In 1905 Nurse Despard, who had trained in Melbourne, opened a maternity hospital in Newcastle in Leeder's House in Stirling Terrace. The Sisters of Mercy had vacated the house when they moved into the newly built convent on the outskirts of town. A maternity hospital was unusual for those times; the practice was for home births assisted by a midwife. The passing of the Health Act in 1911 required midwives to be registered. By 1913, Durlacher was one of a number of women to appear on the first Register of Midwives in Western Australia.

In January 1925, Durlacher resigned from the hospital to take up private nursing.

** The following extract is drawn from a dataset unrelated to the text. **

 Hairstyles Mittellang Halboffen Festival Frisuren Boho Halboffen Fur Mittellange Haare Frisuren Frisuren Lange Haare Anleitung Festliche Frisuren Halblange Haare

During her career, Durlacher delivered 190 babies, and only lost one. She was held in high esteem for her commitment to her profession and her compassion for those she helped. Following her death in May 1942, the following appraisal was published in the Western Mail:

Her experiences in outback homes were amusing, pathetic, hard, and demanded great resourcefulness. Sometimes there was no bed for her and she just slept anywhere she could. Often in addition to nursing her patient and the newborn babe, she had to cook, wash and do the house, and look after the other children and the husband. No wonder these women who had their children in most primitive surroundings worshipped and loved Nurse Durlacher. She was a real guardian angel in their homes, and she often took such cases at very small remuneration.

==Later life==
Around 1930 Durlacher retired. She was also a needlewoman; making no less than 57 cloths of various kinds.

She became an active member of the Karrakatta Club serving for some years on the executive committee. She also had a keen interest in the Girls' Friendly Society, a philanthropic body originally established in England to assist working-class women and girls with out-of-wedlock pregnancies.

Durlacher died on 10 May 1942 in Perth, after a long illness.